Социал-дарвинизм в действии
Строго говоря, все это было известно и раньше: тот же Фишер прямо указывал на сниженную плодовитость британской элиты по сравнению с социальными низами, ссылаясь на данные Фрэнсиса Гальтона — кузена Дарвина и пионера применения статистических методов в биологии. Но то, что в XIX веке намечалось как статистическая тенденция, в веке XX стало кричащей очевидностью. В 1944 году американский историк Ричард Хофштадтер опубликовал книгу «Социал-дарвинизм в американской мысли», ставшую своеобразным почтительным некрологом идее.
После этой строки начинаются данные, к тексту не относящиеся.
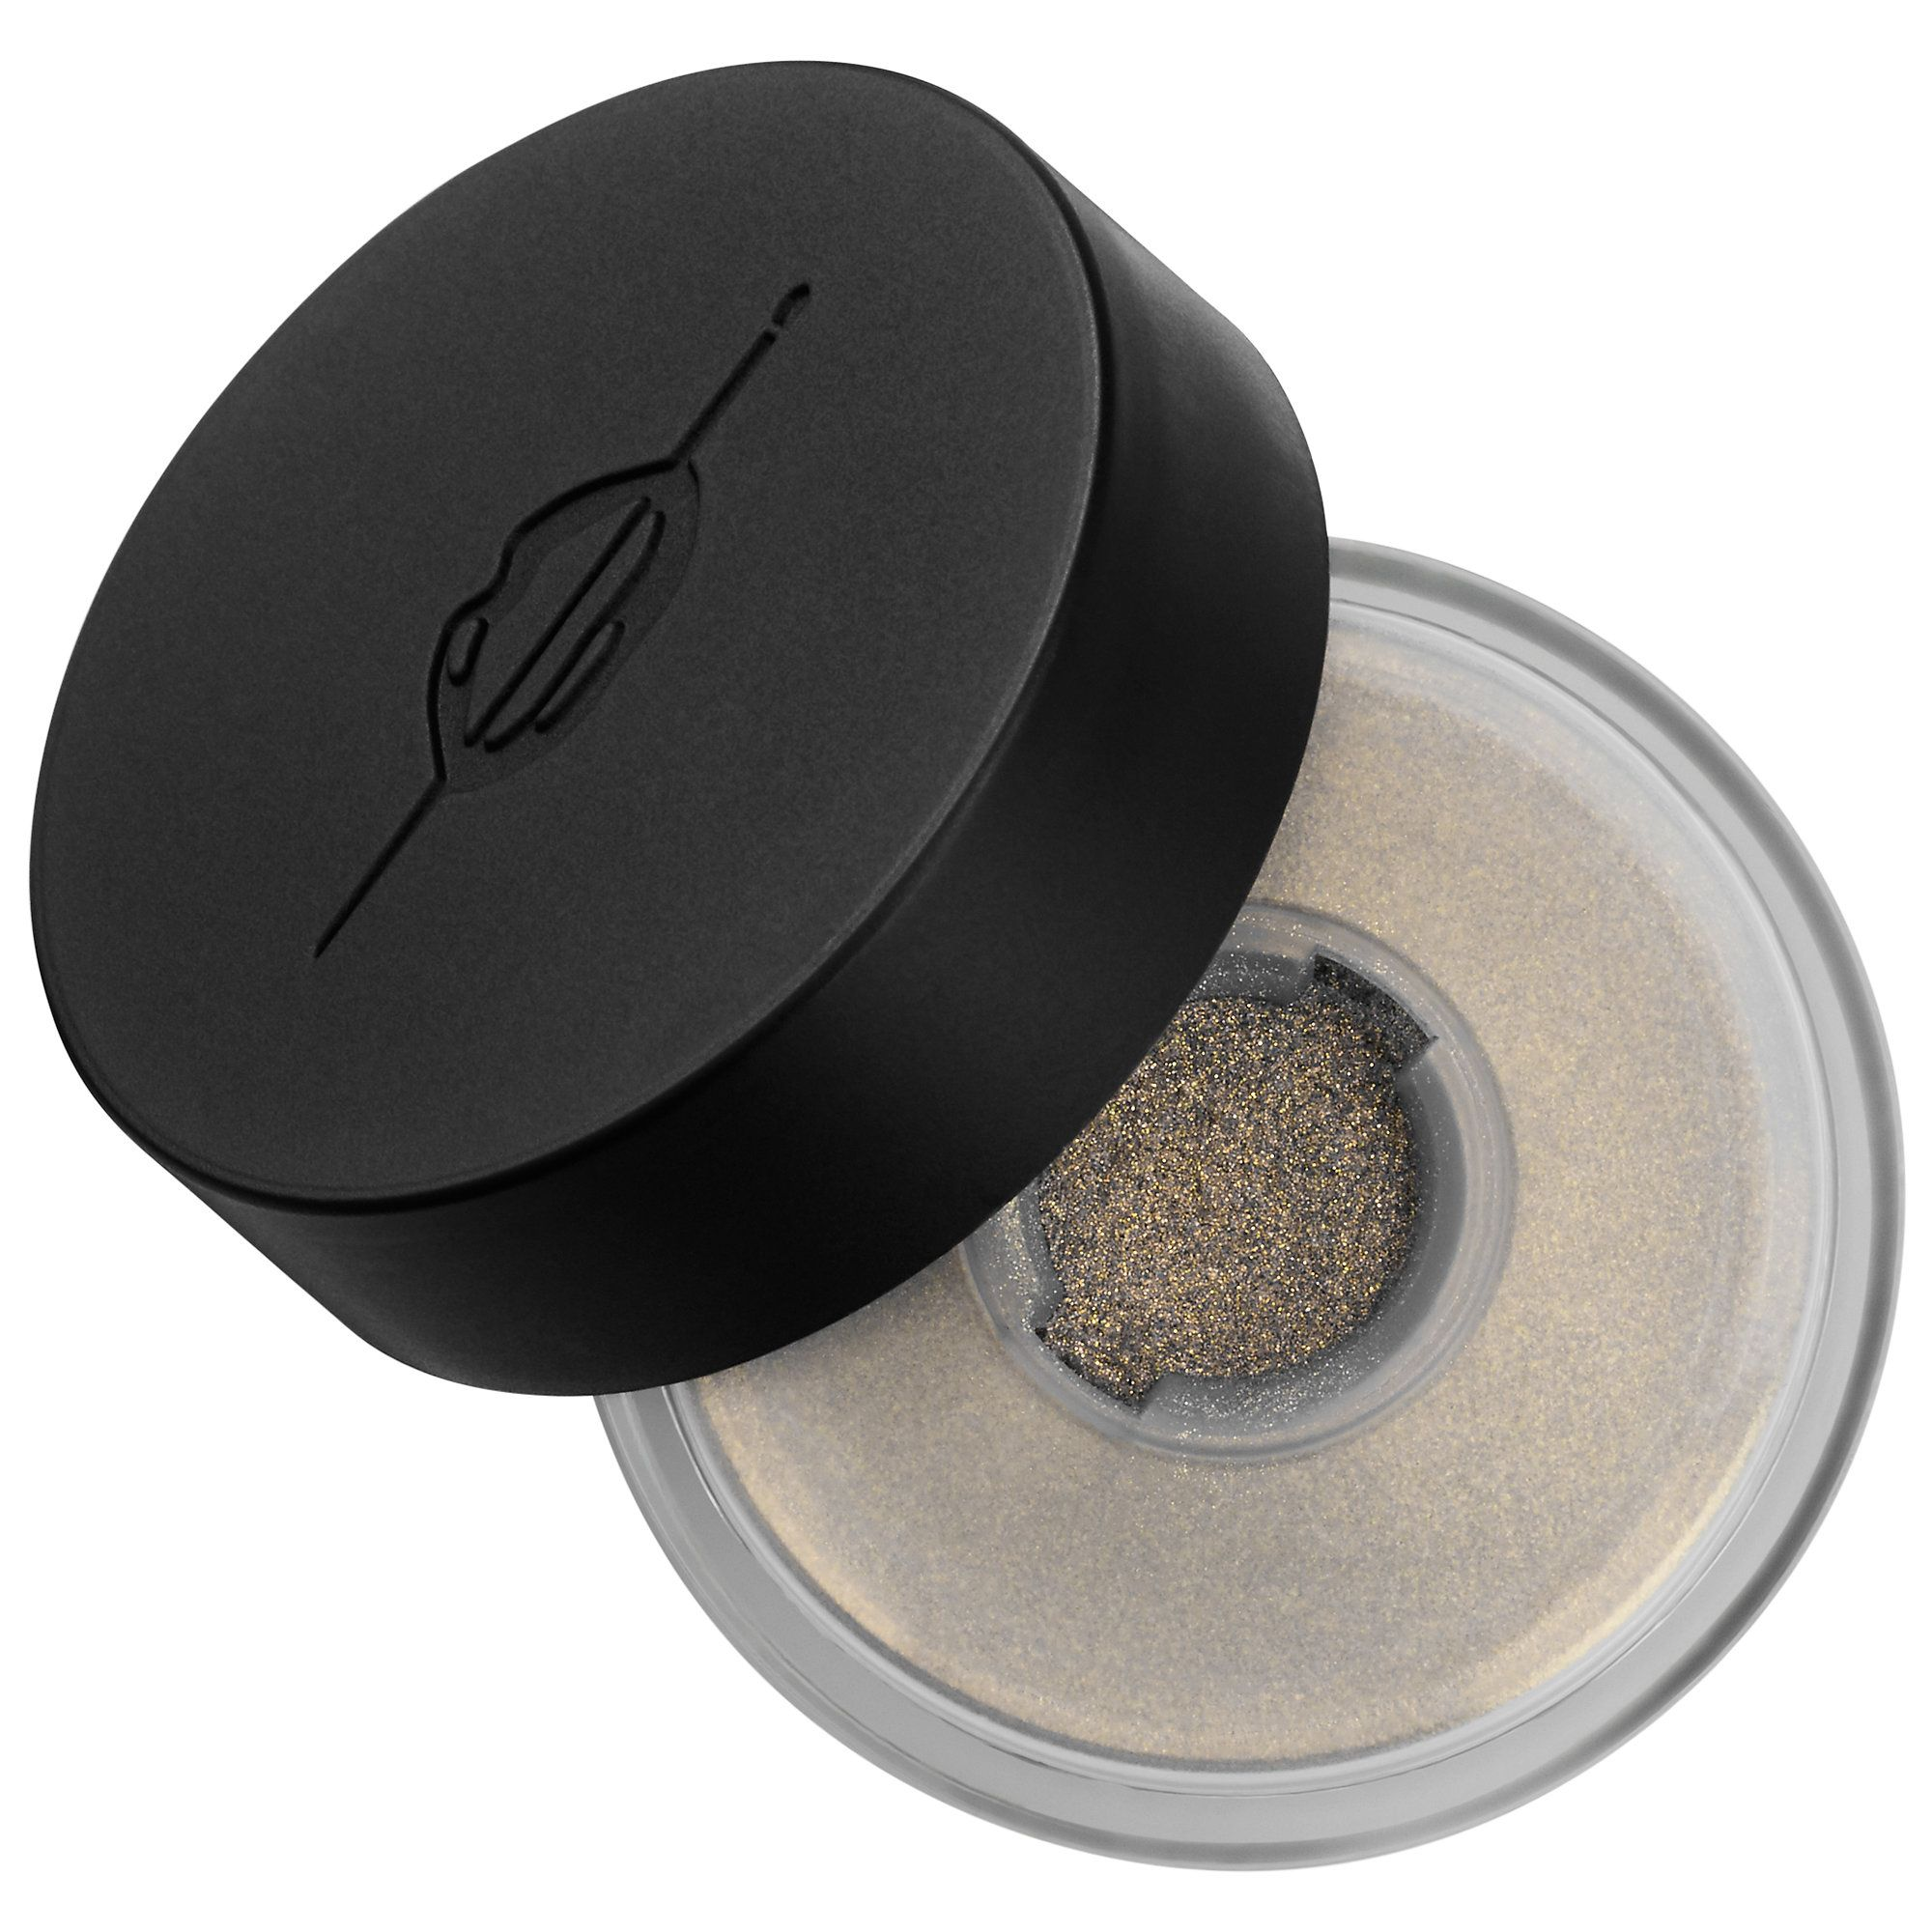 Star Lit Powder Makeup, Eye pigments, Make up for ever

О применении дарвинистского подхода к проблемам общества серьезная наука забыла на несколько десятилетий. Только в самое последнее время гуманитарии вновь начинают открывать для себя селекционизм. Оказалось, что, помимо индивидуумов, рас и наций, в обществе существует очень много других достойных изучения объектов — и среди них есть такие, к которым вполне приложима идея естественного отбора. Сегодня этот подход лежит в основе множества самых разных исследований — от сравнительно психологических, пытающихся реконструировать происхождение таких человеческих качеств, как чувство юмора, щедрость или групповая солидарность (в таких работах рассматривается именно классический дарвиновский отбор, правда, действовавший в палеонтологические времена и в форме группового отбора) до изучения факторов, влияющих на успех и длительность существования коммерческих компаний или религиозных общин. Насколько оправдан и плодотворен этот подход — покажет ближайшее будущее.
Однако в том же ХХ веке у селекционизма появилось новое гуманитарное поле — психология. Еще в 1913 году американский психолог Джон Уотсон провозгласил, что психология должна стать настоящей наукой. А для этого она должна иметь дело только с наблюдаемыми факторами. Психику предлагалось рассматривать как «черный ящик», внутреннее устройство которого выяснить нельзя. Однако можно, подавая ему различные сигналы и регистрируя ответные поведенческие реакции, попытаться найти некие закономерности, связывающие одно с другим.
История величия и падения бихевиоризма (так назвали новое направление) заслуживает отдельного и подробного разговора. Для нас же сейчас важно, что среди множества теоретических трудностей, с которыми вскоре столкнулся бихевиоризм, оказалась и такая: а откуда, собственно, берутся сами реакции? Вот любимая модель бихевиористов — крыса, обучающаяся нажимать на рычаг, чтобы получить еду. Раньше она никаких рычагов не видела, и врожденной реакции на них у нее нет. Из структуры самого стимула тоже ничего не выведешь: тот же рычаг с равным успехом может включать ток на решетчатом полу под ее лапами. Так что же заставляет ее нажать в первый раз?
Последовательно бихевиористский ответ на этот вопрос дал Бёррус Фредерик Скиннер — классик бихевиоризма; ученый, которого члены Американской психологической ассоциации в 1972 г. поставили на первое место в списке самых выдающихся психологов XX века (второе место занял Зигмунд Фрейд). По Скиннеру формирование поведения представляет собой полный аналог дарвиновского отбора. Сначала организм совершает разнообразные беспорядочные простые движения. Некоторые из них приводят к успеху (появляется еда) — такие действия закрепляются и в дальнейшем производятся уже каждый раз при попадании в экспериментальную ситуацию; прочие же выбраковываются. Если условия опыта усложнить (скажем, крысе надо нажать последовательно на два рычага, причем в строго определенном порядке), то соответствующее изменение поведения опять будет формироваться «методом тыка», но уже на базе ранее усвоенного навыка. И если в эволюции естественный отбор, накапливая и суммируя ничтожные отклонения, создает такие сложные и совершенные структуры, как глаз или птичье крыло, то почему аналогичный процесс в психике не может формировать сложнейшие поведенческие акты? Немного усердия — и любой сложнейший многоходовый план стратега или гениального шахматиста можно будет представить как последовательность простейших действий, рожденных когда-то механическим перебором и зафиксированных подкреплением.
Увы, и эта «очевидность» оказалась ложной. Работы исследователей других направлений, а также наиболее талантливых и интеллектуально честных бихевиористов (таких, как Харри Харлоу) показали, что поведение невозможно свести к схеме «стимул — реакция — подкрепление». Животное, конечно, постоянно вносит поправки в свое поведение в соответствии с его результатами. Но и эти поправки, и первоначальное поведение никогда не рождаются из случайного перебора бессмысленных движений: они всегда опираются на внутренние представления животного о ситуации, в конечном счете — на врожденные поведенческие реакции. И в природных условиях (а не в предельно искусственной среде «ящика Скиннера») они с самого начала более или менее адаптивны.